**What this task involves**
Write out the listing exactly, dropping any picture it contains.

**Given data**
********

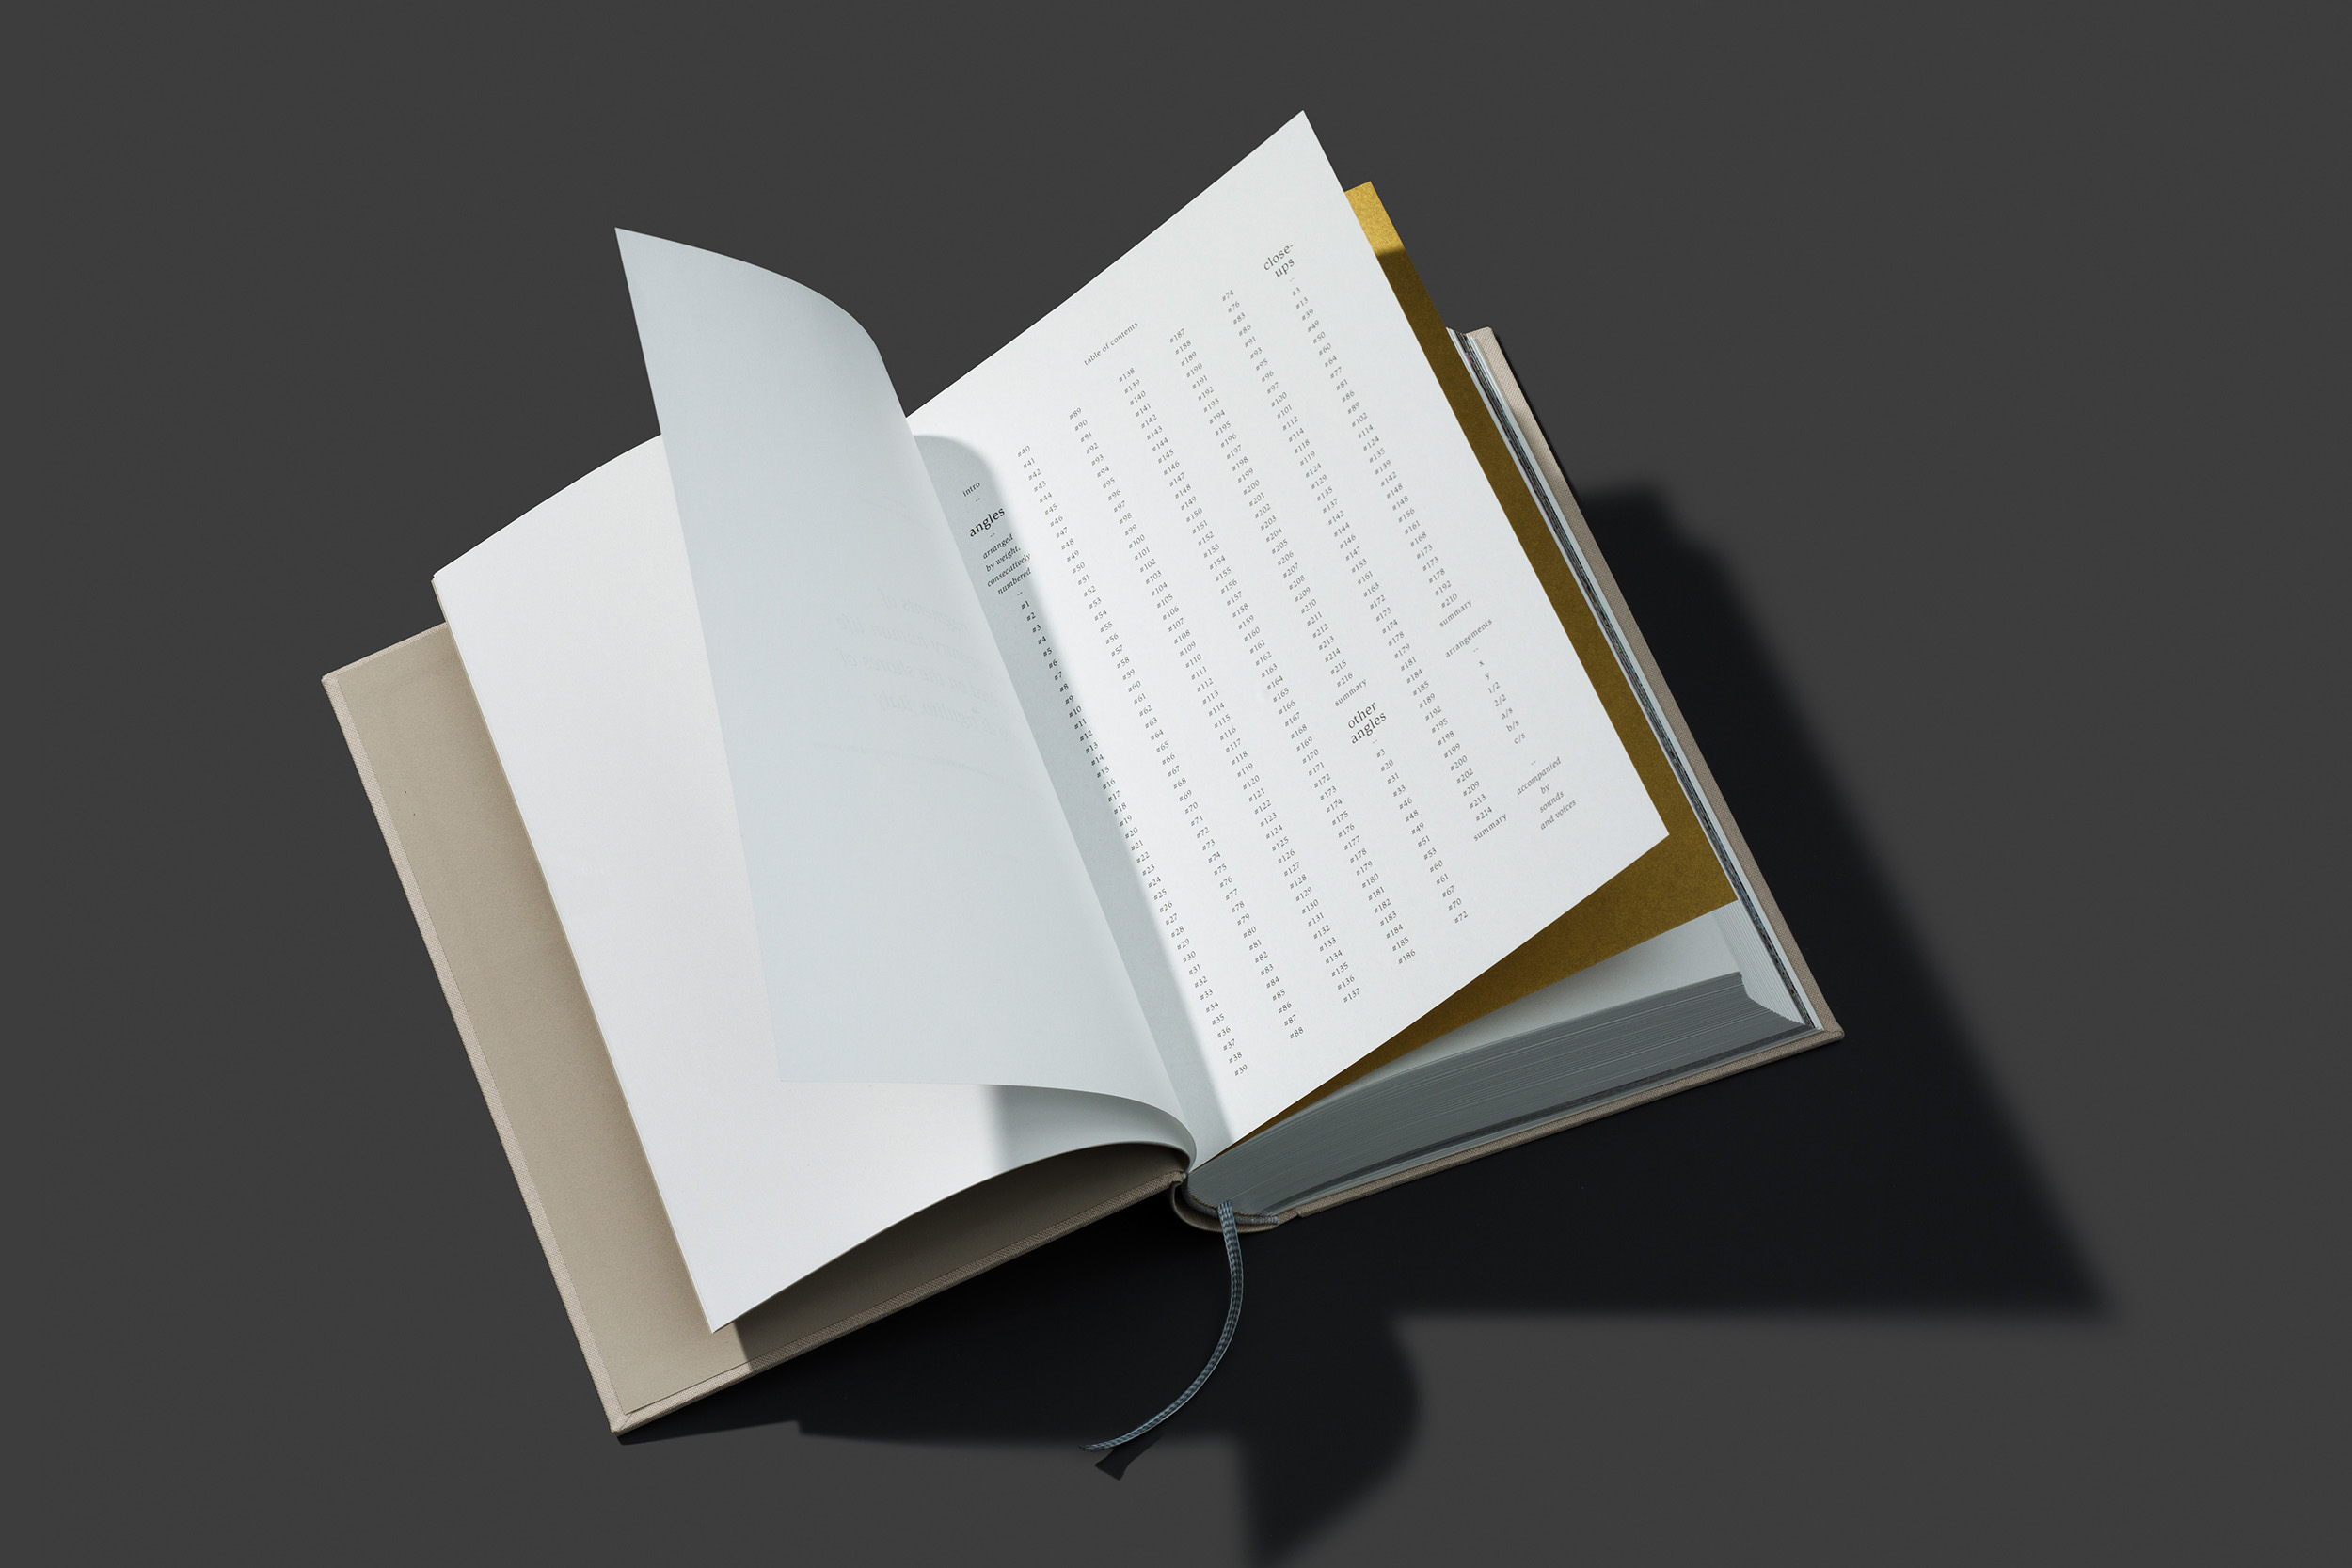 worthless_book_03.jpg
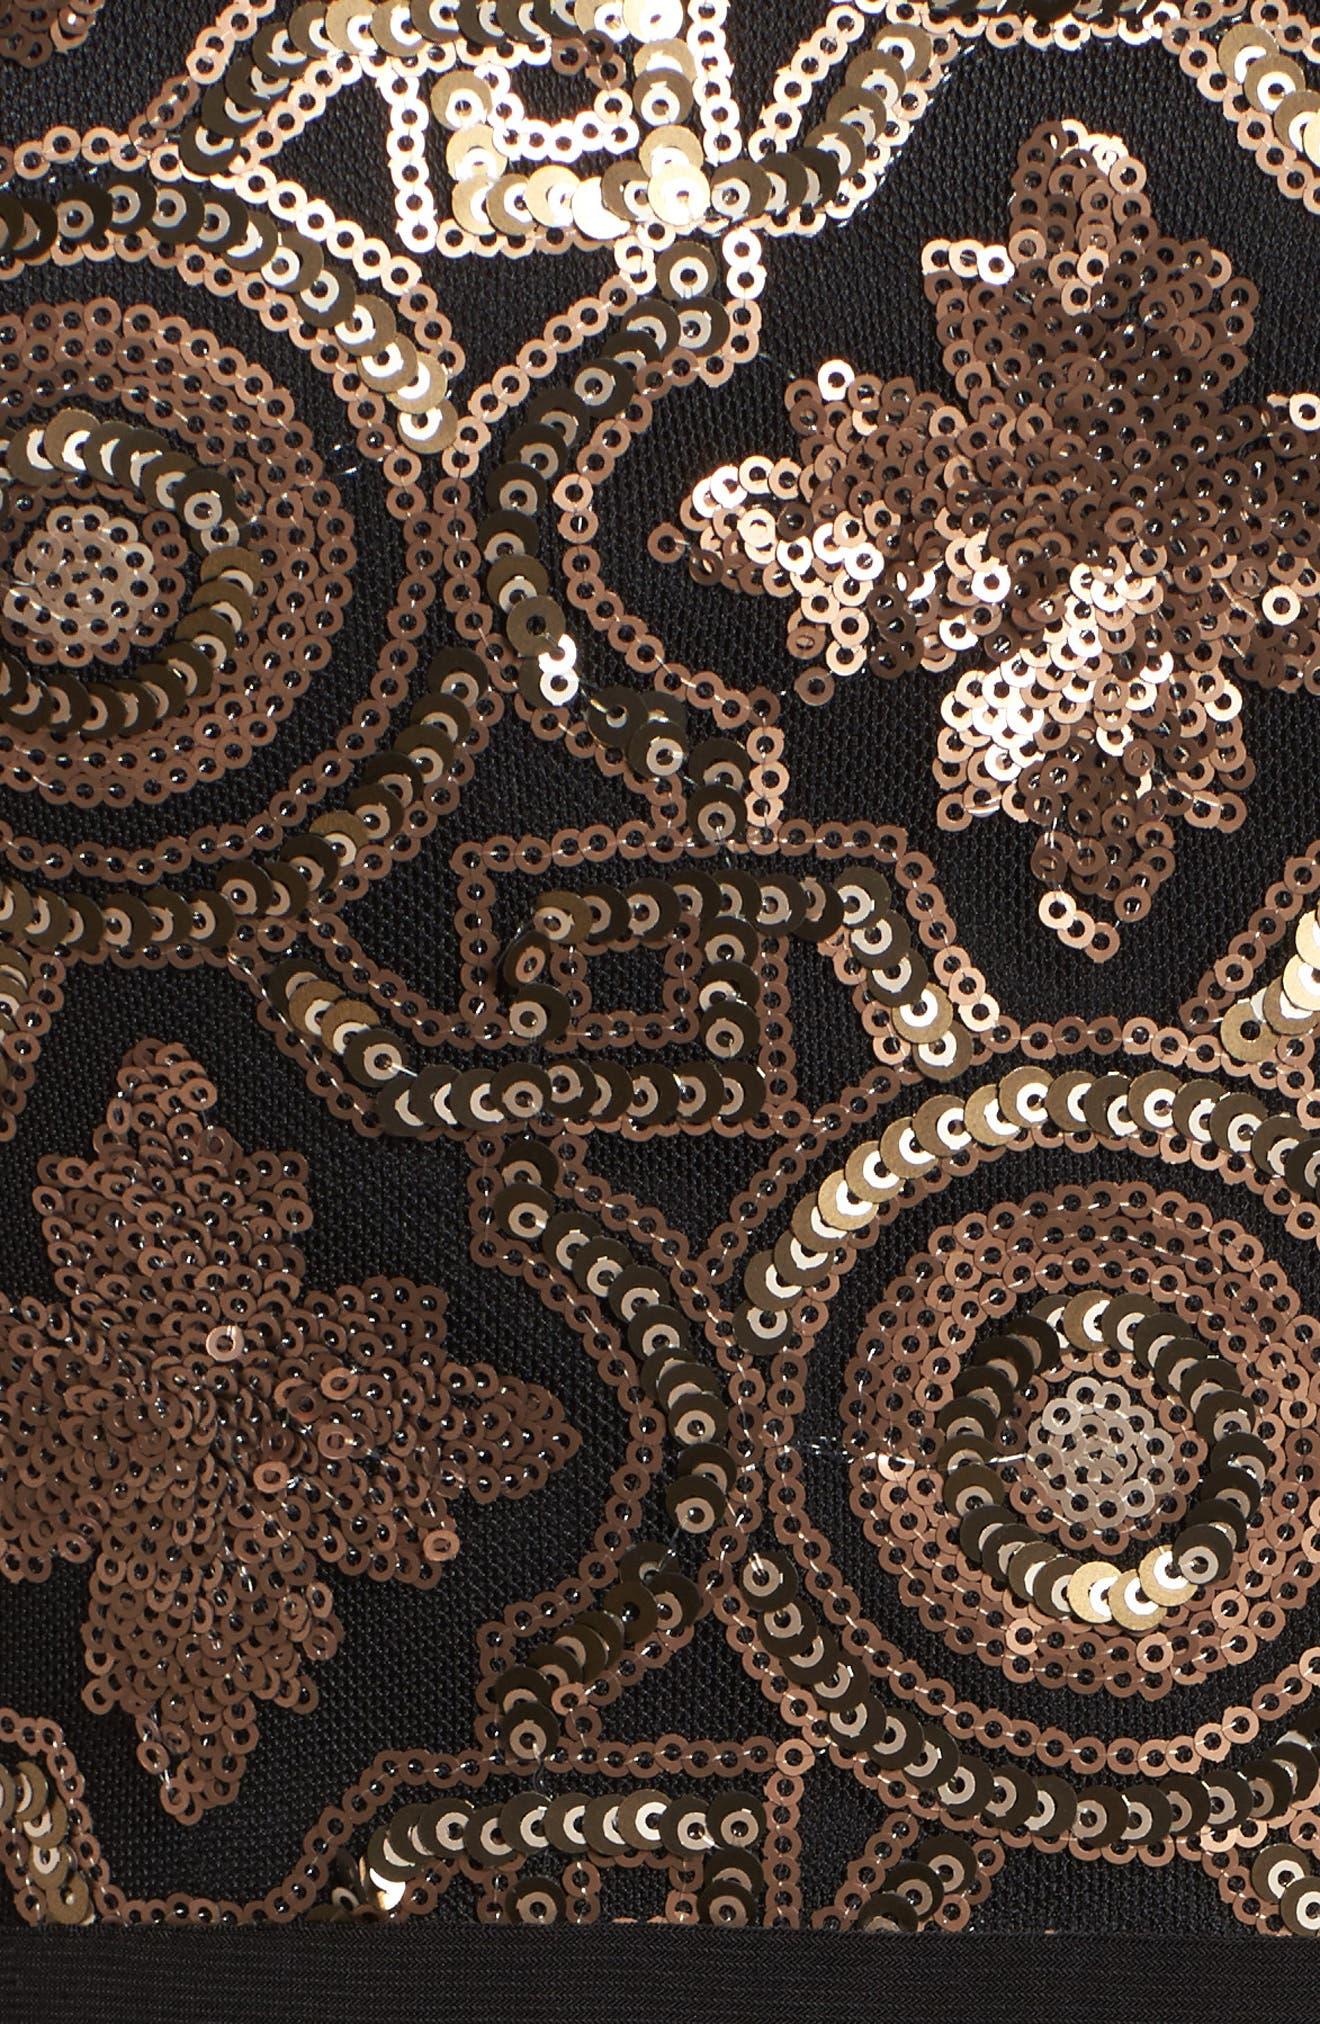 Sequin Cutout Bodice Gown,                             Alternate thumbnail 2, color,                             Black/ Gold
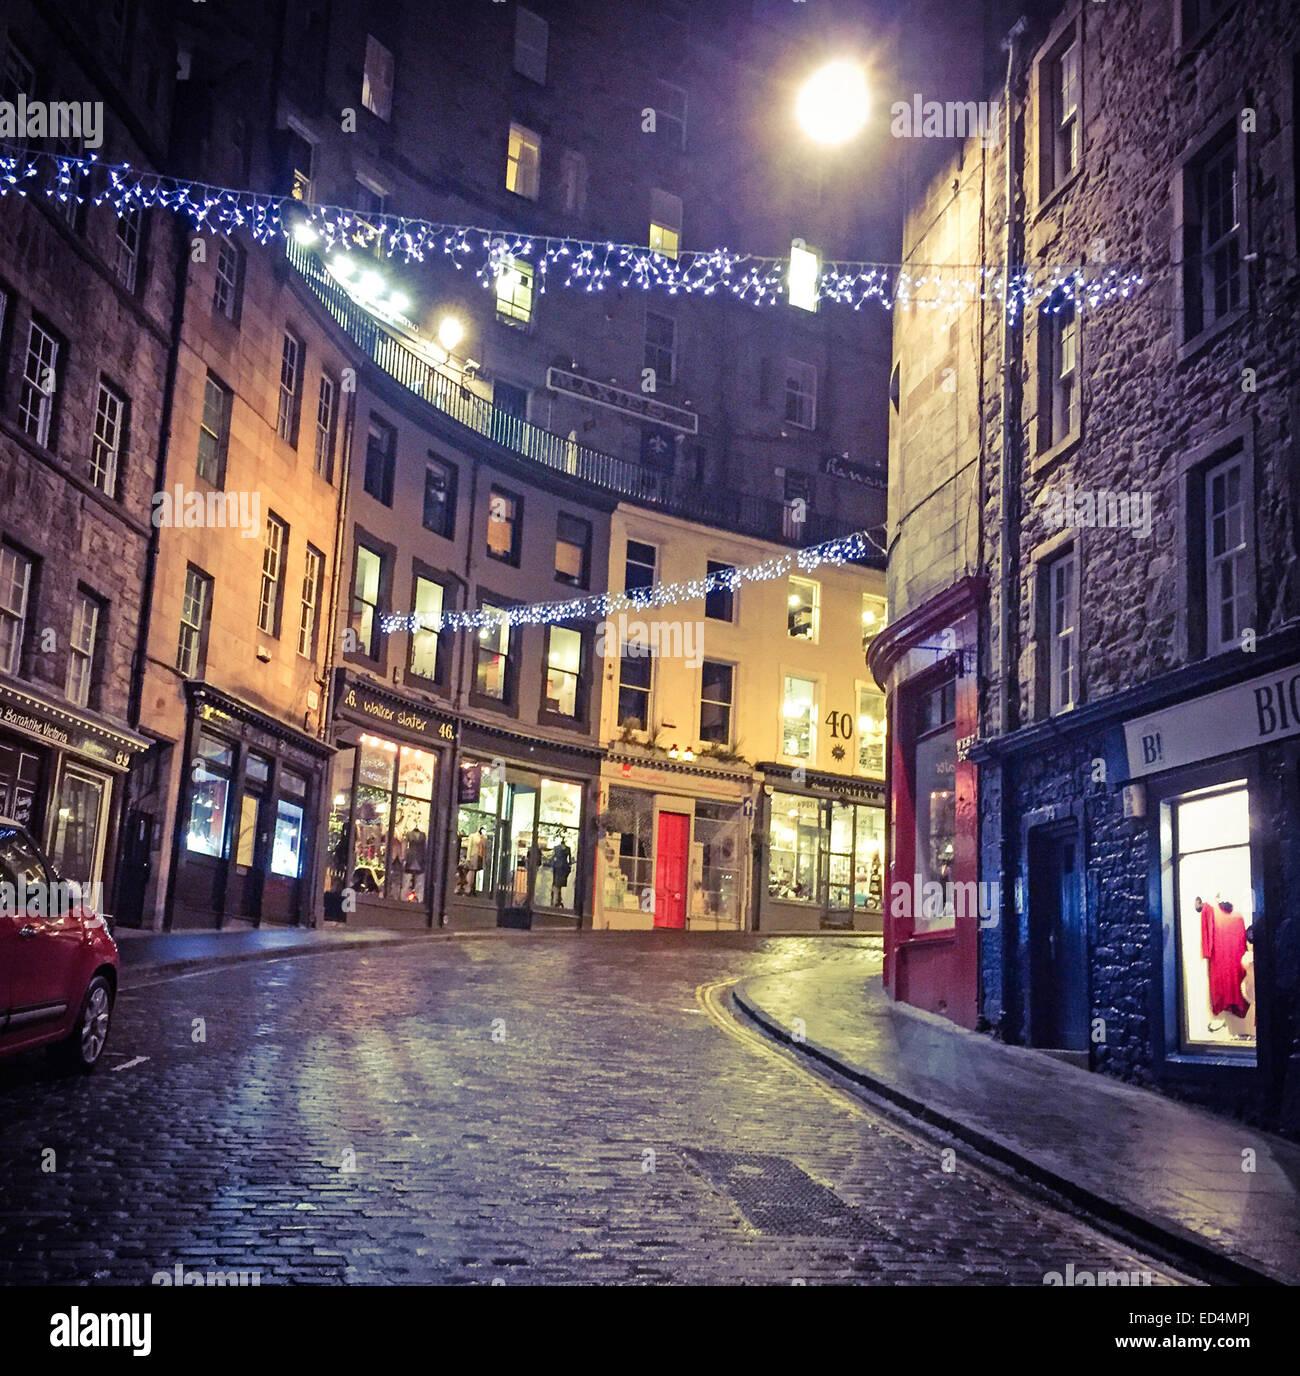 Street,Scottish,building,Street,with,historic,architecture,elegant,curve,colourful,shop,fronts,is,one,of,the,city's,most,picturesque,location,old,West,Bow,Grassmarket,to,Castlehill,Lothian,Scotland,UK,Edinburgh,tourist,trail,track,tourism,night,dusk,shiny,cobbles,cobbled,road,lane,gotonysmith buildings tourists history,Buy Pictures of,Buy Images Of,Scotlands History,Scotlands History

********

**Response to this exercise**
 worthless_book_03.jpg
 Sequin Cutout Bodice Gown,                             Alternate thumbnail 2, color,                             Black/ Gold
 Street,Scottish,building,Street,with,historic,architecture,elegant,curve,colourful,shop,fronts,is,one,of,the,city's,most,picturesque,location,old,West,Bow,Grassmarket,to,Castlehill,Lothian,Scotland,UK,Edinburgh,tourist,trail,track,tourism,night,dusk,shiny,cobbles,cobbled,road,lane,gotonysmith buildings tourists history,Buy Pictures of,Buy Images Of,Scotlands History,Scotlands History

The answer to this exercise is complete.